Reading in DMap structured SuperDARN data files


Data Map (DMap) is a binary self-describing format that was developed by Rob Barnes. This format is currently the primary format used by SuperDARN. For more information on DMap please see RST Documentation. Types of files used by SuperDARN which are usually accessed in DMap format are: - IQDAT - RAWACF - FITACF - GRID/GRD - MAP

This tutorial will focus on reading in DMap structured files using pyDARNio, including how to read compressed files and access common data fields.

Reading with SDarnRead

The basic code to read in a DMap structured file is as follows:

import pydarnio

file = "path/to/file"
SDarn_read = pydarnio.SDarnRead(file)

which puts the file contents into a Python class called SDarn_read.

Now you need to tell it what kind of file it is. For instance, if the file you were reading in is a FITACF file, you would write something like:

fitacf_data = SDarn_read.read_fitacf()

where the named variable fitacf_data is a python dictionary list containing all the data in the file. If you were reading a different kind of file, you would need to use the methods read_iqdat, read_rawacf, read_grid or read_map for their respective filetypes.

Reading a compressed file

To read a compressed file like bz2 (commonly used for SuperDARN data products), you will need to use bz2 library.
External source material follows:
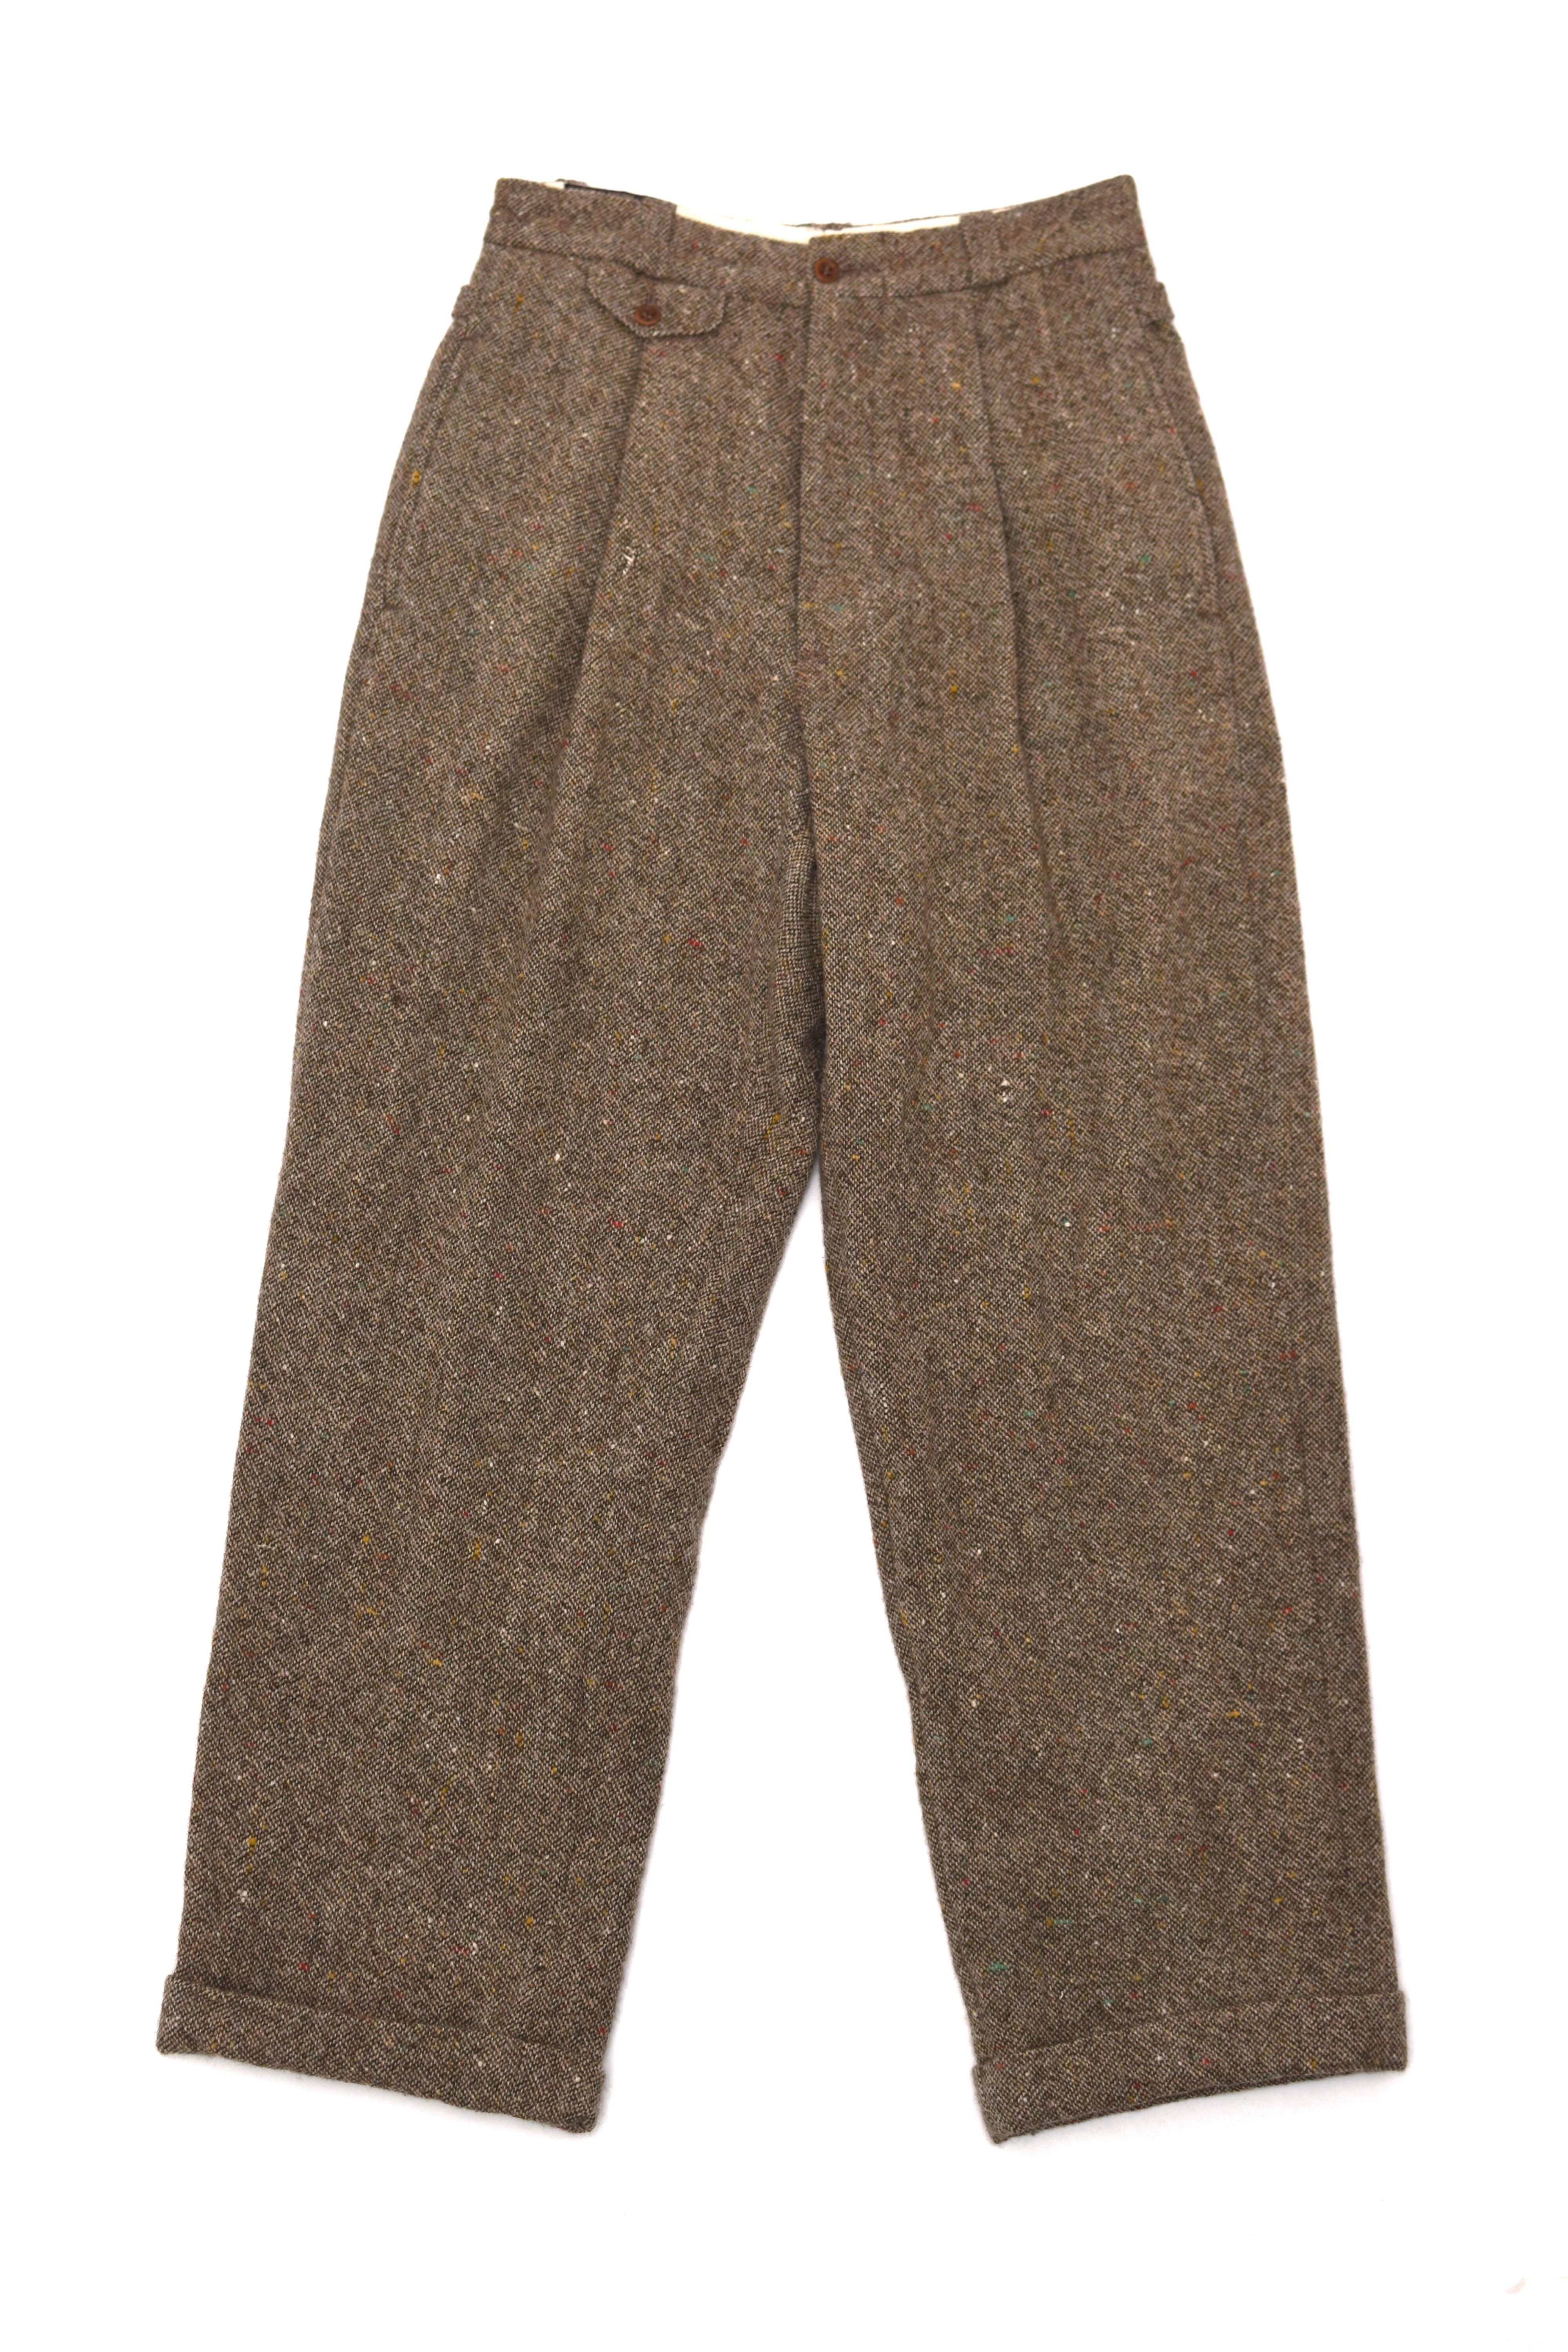 RRL tweed slacks pants Made in Canada

The SDarnRead class allows the user to provide the file data as a stream of data which is what the bz2 returns when it reads a compressed file:

import bz2
import pydarnio

fitacf_file = path/to/file.bz2
with bz2.open(fitacf_file) as fp:
      fitacf_stream = fp.read()

reader = pydarnio.SDarnRead(fitacf_stream, True)
records = reader.read_fitacf()

Accessing data fields

To see the names of the variables you've loaded in and now have access to, try using the keys() method:

print(fitacf_data[0].keys())

which will tell you all the variables in the first [0th] record.

Let's say you loaded in a MAP file, and wanted to grab the cross polar-cap potentials for each record:

file = "20150302.n.map"
SDarn_read = pydarnio.SDarnRead(file)
map_data = SDarn_read.read_map()

cpcps=[i['pot.drop'] for i in map_data]

Other Examples

Other examples of using pyDARNio with file reading is for reading in multiple 2-hour files, sorting them, and concatenating the data together. For example, you may do something like this, using the glob library:

import bz2 
import pydarnio 

from glob import glob

fitacf_files = glob('path/to/fitacf/files/<date>*<radar>*.fitacf.bz2')

# assuming they are named via date and time
fitacf_files.sort()
print("Reading in fitacf files")
for fitacf_file in fitacf_files:
    with bz2.open(fitacf_file) as fp:
        fitacf_stream = fp.read()

    reader = pydarnio.SDarnRead(fitacf_stream, True)
    records = reader.read_fitacf()
    data += records
print("Reading complete...")

DMapRead

In pyDARNio, there also exists a class called DMapRead, which you can use in place of SDarnRead to read in any generic DMap structured file. However, pyDARNio won't test its integrity as it doesn't know what file it's supposed to be. If you're reading a SuperDARN file from one of the official data mirrors, then it is best to use SDarnRead in general.